President Trump has ordered an unspecified number of federal law enforcement agents to be deployed in Washington, D.C., days after threatening a federal takeover of the city and claiming that crime there was “totally out of control.”
Washington’s crime rates — ranging from violent crime to thefts and burglaries — have been falling significantly, but the order follows the president’s effort to paint the nation’s capital as rife with violent crime. Mr. Trump highlighted the beating earlier this week of a prominent Department of Government Efficiency employee by a mob of young assailants in an attempted carjacking, according to local police.
“If D.C. doesn’t get its act together,” Mr. Trump wrote on social media on Tuesday, “we will have no choice but to take Federal control of the City.”
The deployment, starting Friday at 12:01 a.m., would include law enforcement officers from a wide swath of agencies across the federal government. They include: Immigration police tasked with deportations, the F.B.I., U.S. marshals, the Drug Enforcement Administration and twelve other federal agencies.
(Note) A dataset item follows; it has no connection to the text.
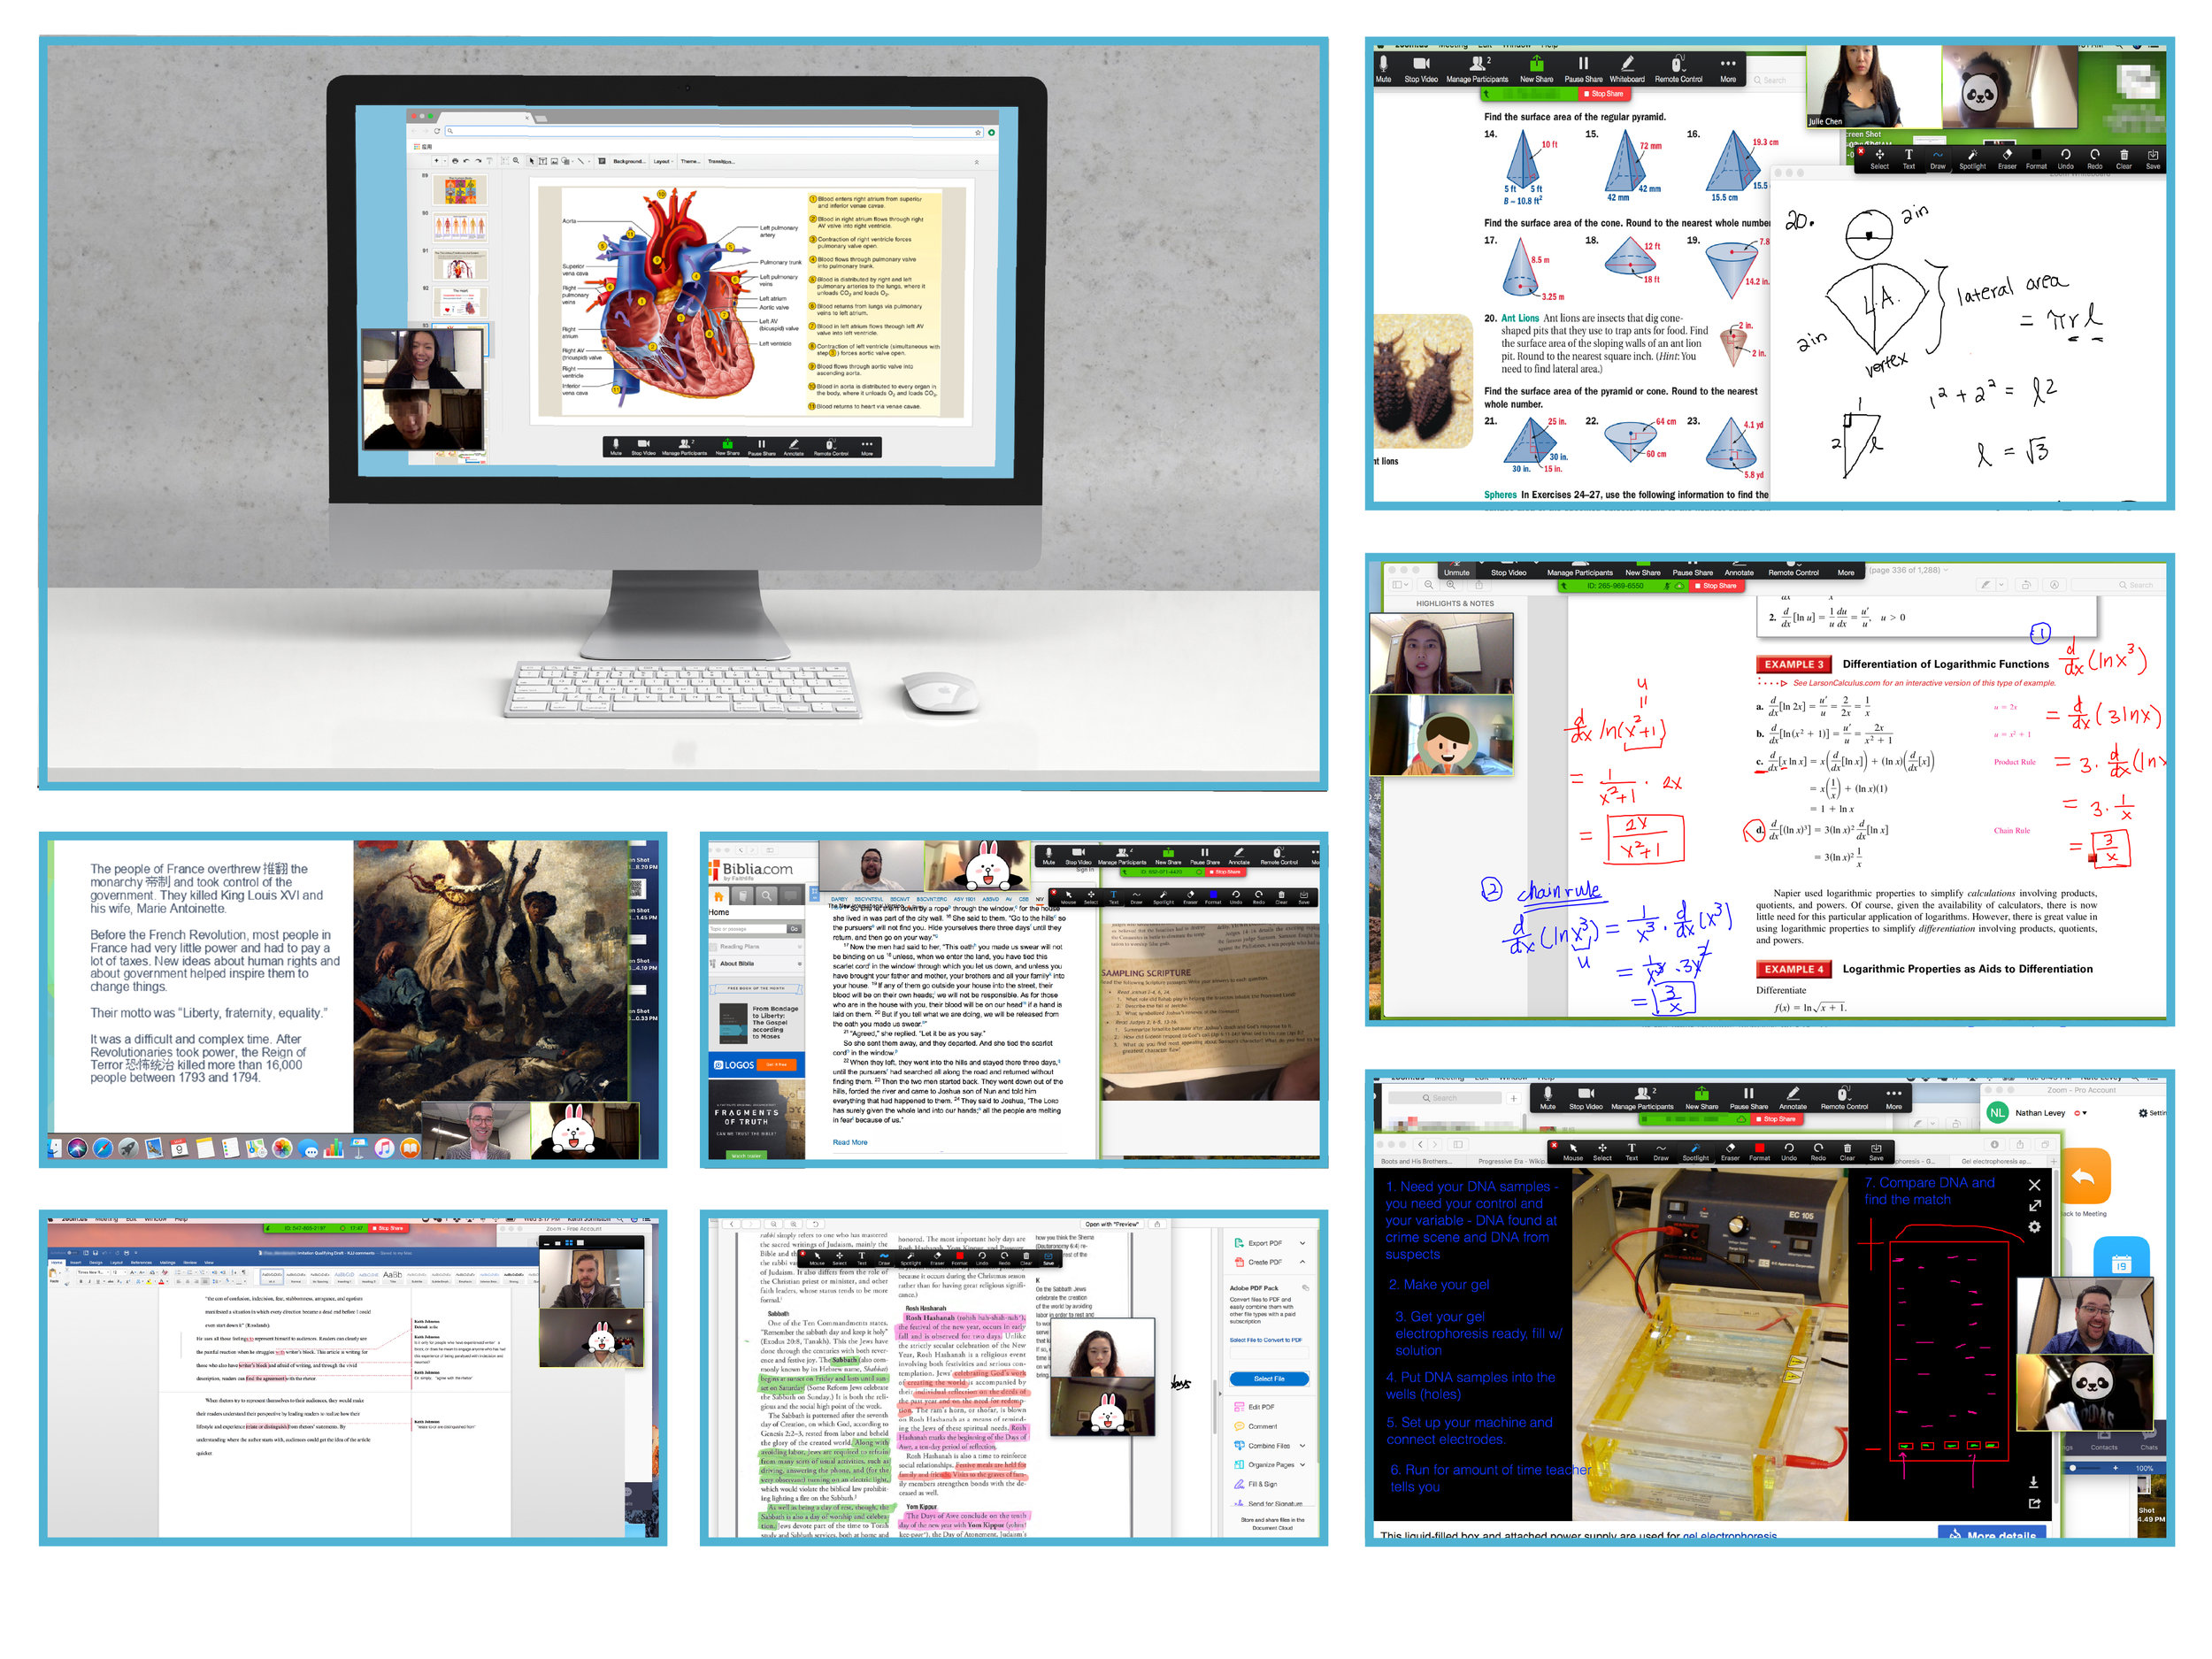 网页-课堂展示拼图_画板 1.jpg

It is unclear how many agents will be part of the surge and in what parts of the city. A statement from the White House said that the deployment “will be focused on high traffic tourist areas and other known hotspots,” a category that could be broadly interpreted to include much of the city.
The White House also said that officers “will be identified, in marked units, and highly visible,” an apparent reference to concerns about the aggressive tactics of masked immigration police who have been filmed swarming people on the street, arresting them with zip ties and bundling them into unmarked vehicles.